WHEN HIS FIST HIT MY JAW, I knew.
Vanessa and I had just turned a corner; we were only a block from our hostel in Ipanema. The scooter aimed straight for us, blinding us with its headlight, up on the sidewalk. For a moment, I thought they were just messing around. Then he swung.
That night I held ice on my jaw and cried into my pillow. Vanessa paced around with a helpless face, shaking her head, recalling seeing me down on the pavement. Between people coming in and out of the dorm, my girlfriend and I tried to comfort each other. At least we weren’t carrying anything too valuable, we told ourselves. We’re lucky it was only a punch, we said. We knew the risk of being mugged in Rio, but it didn’t mean we were ready for it.
The next day we rehashed it all, admitting mistakes in low voices: how I’d skipped over a sentence in the guidebook about one street to avoid; how I’d ignored the feeling it was a little too quiet when we’d turned the corner; how in the confusion we’d failed to hand our bags over right away; how we’d carried them around at night in the first place. We knew better than to choose our path poorly, to let the dark get too close, to hesitate, to let awareness fall away.
That same day we told the police that the muggers had soft eyes.
One week later we’re having breakfast in Arraial de Cabo, where it’s quiet, where the sun is supposed to make the water clear and “impossibly” blue. But the sun is in hiding, and everything is grey.
What happened in 30 seconds has a way of replaying 30 times in our heads. Has a way of following us and coloring everything, making it all ugly. Has a way of turning on the pleasant quietness of other streets, throwing dark shadows onto innocent faces, making footsteps behind us louder and closer, turning our every move into something that makes us a target.

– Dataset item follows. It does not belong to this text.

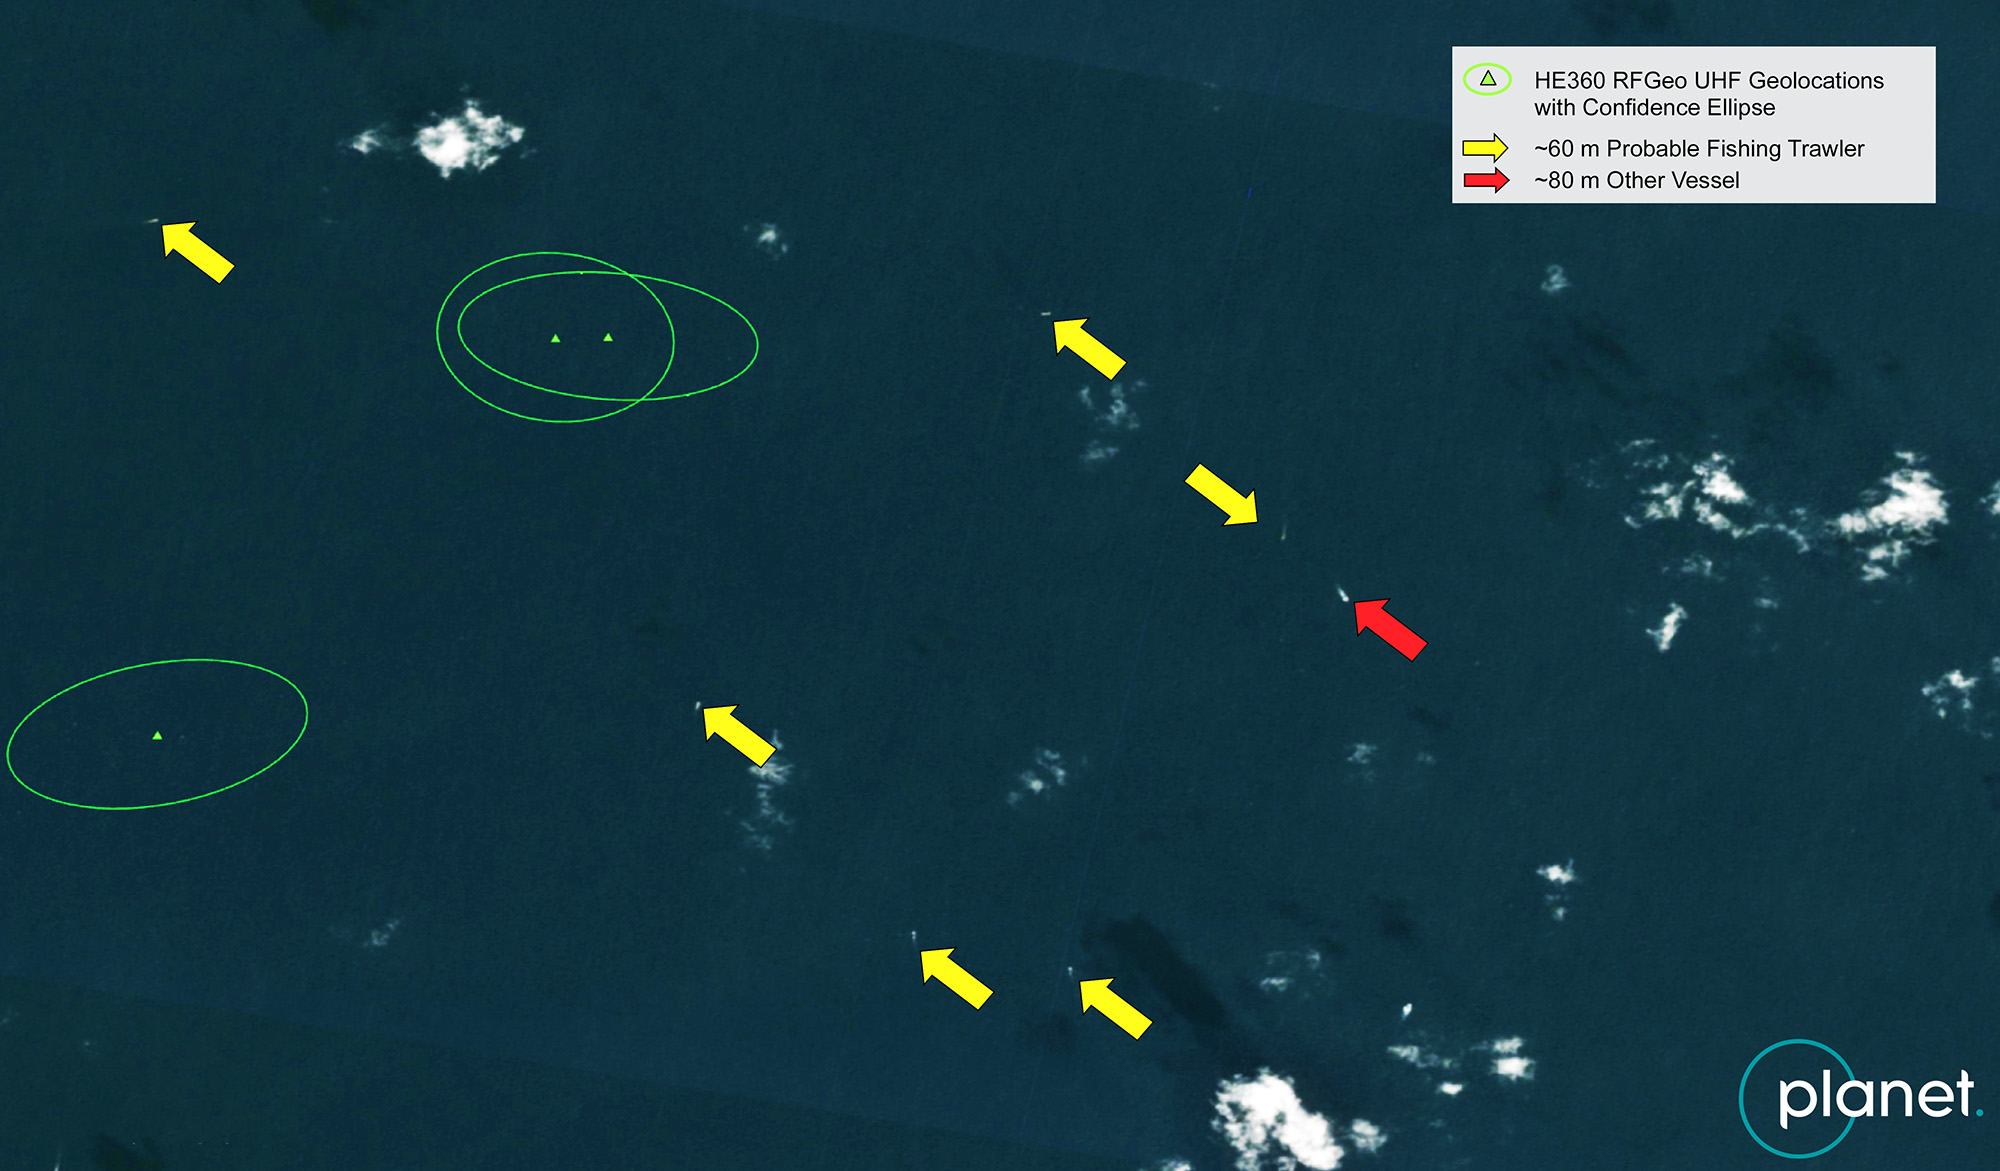 This PlanetScope imagery captured the Site B dark vessels around the same time as the HawkEye 360 UHF signal data, supporting analysis showing UHF communication signals are being used by trawler-type fishing vessels highlighted in the image. (Note vessels have likely shifted positions between time from RF capture to image capture.)
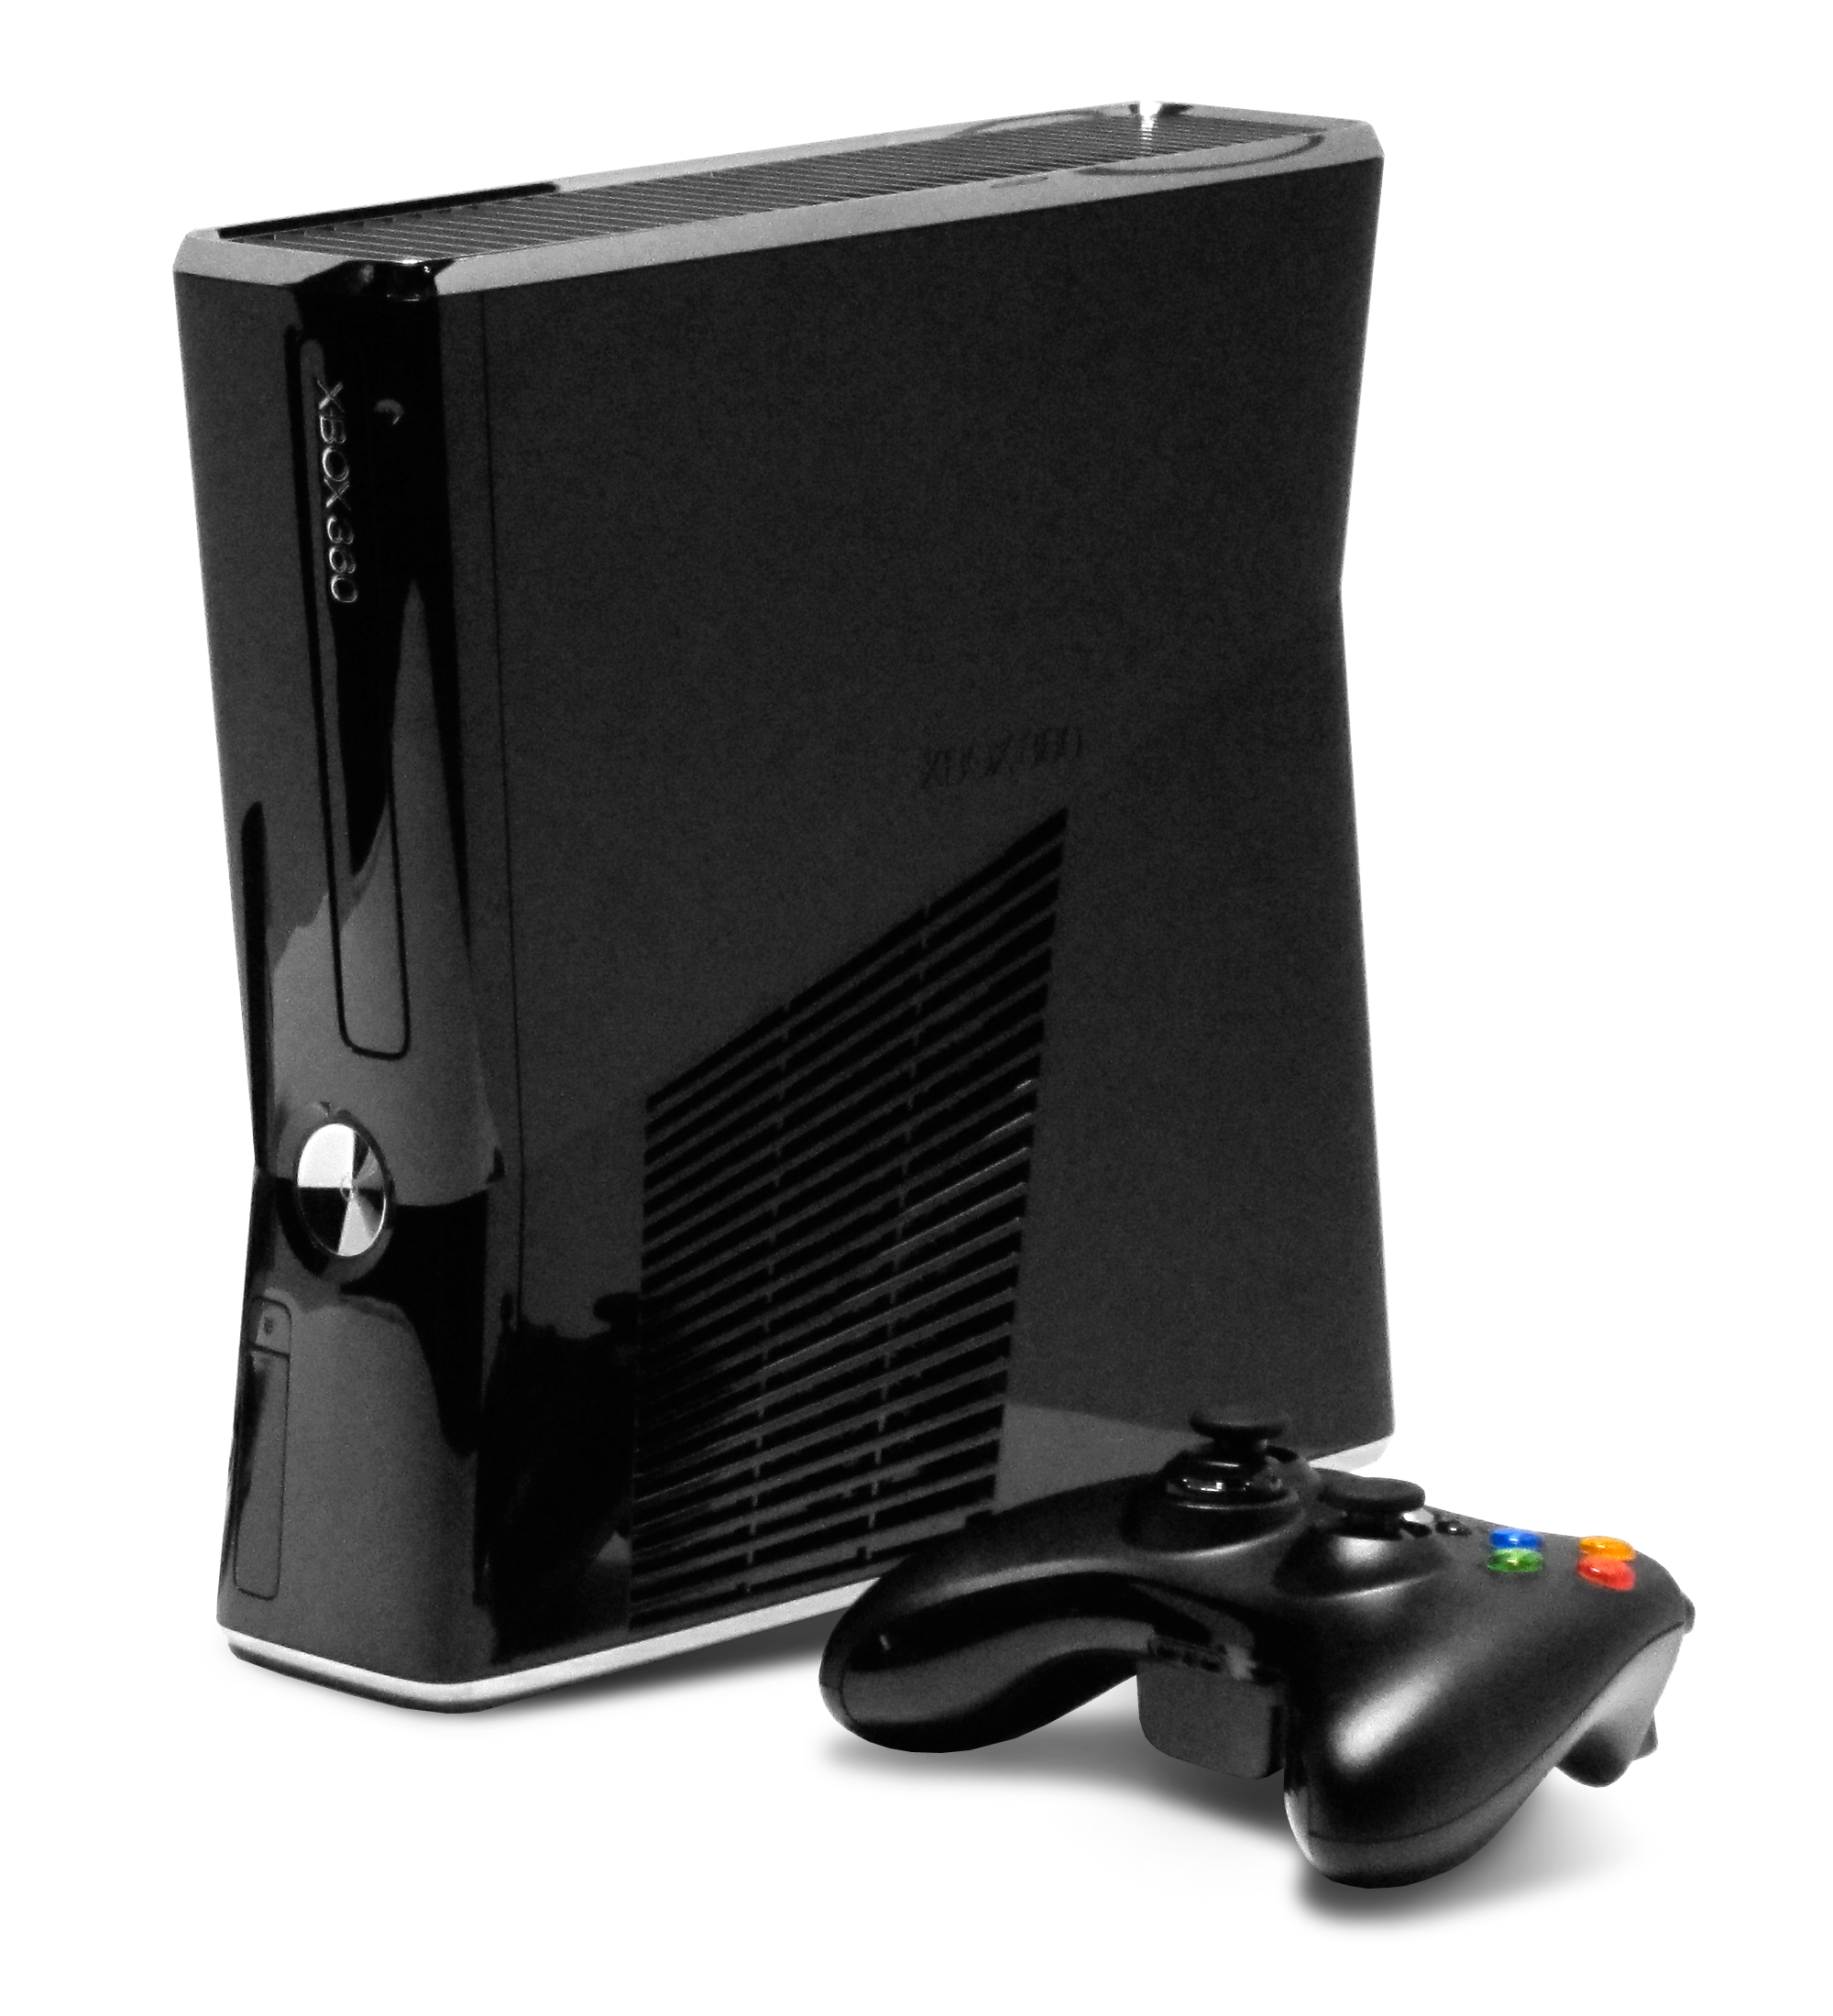 File:Xbox 360 S.png

Vanessa panicked yesterday, just walking to the supermarket. She almost started crying there in the middle of the street. People were going about their business in the broad daylight and she was weaving strategic paths through them, changing her footsteps with every glance.
Now she drinks tea and bites away on a slice of melon and tells me that she wonders what, exactly, it is we must be missing. What do we want out of this trip anyway? What is it we’re looking so hard for that we bring ourselves to these places? How can we know it won’t happen again? She’s feeling ill and needs more rest and sets the melon down. She’s going back to bed. I watch her discard the melon, and wonder what else she’s ready to throw away at this table.
“It’s not a good day anyway,” I say, looking at the sky. I’m not going to lie. Just chewing the cereal hurts my jaw. Brazil was my idea. Back in Chile, before we arrived here, she was smiling in all the photos. I feel selfish for holding out for all this grey to pass.
I exhale and add more sugar to my coffee. We’re only a month in on our year-long trip. I’m thinking about how we spent three weeks in this country once and loved it. I’m thinking about things that didn’t get written on the police report, our enthusiasm for this place, these people, this journey. I’m questioning what was really stolen in those 30 seconds, and whether it has to be.
I sit by myself with my mug half-empty, just staring at her dishes. I notice the leftover milk in her cereal bowl. A fly has gone belly up and it’s kicking for its life. Its thread-thin black legs are flailing everywhere, but its wings are already submerged. It doesn’t have a prayer in hell, I think, watching it struggle.
I take a spoon and go gently. I scoop just under the wings and edge the fly to the side. I lift it out of the bowl. It’s limp and folded in on itself, just one side of those legs still kicking. I pour the little wet pile onto the back of my hand and watch it.
First, all its legs start kicking again, and then somehow it’s standing and its wings are dripping. I watch as its middle limbs (that aren’t like arms and aren’t like legs) go back and forth. It spits on these middle limbs and rubs them together in front, and then it swings them behind and runs them down the wings, pushing them back.
It licks its middle limbs and slicks down its wings again and again, rubbing away the milk and drying them, without hurry or hesitation. It does it until it’s not needed anymore. Then the fly lifts from my hand, straight up like a helicopter, like it weighs less than air.
I look up, but it’s gone. I wonder if it’ll live another day or another five, if it’ll be some spider’s food by lunchtime, if it’s learned a thing or two about the dangers of buzzing around the cereal bowl. If it blames itself, if it forgives itself. If it’s smart enough — or stupid enough — to fear.
A few seconds later the fly returns to the table, but this time it lands right on the flesh of that honeydew melon Vanessa’s tossed away, right where she’s left off.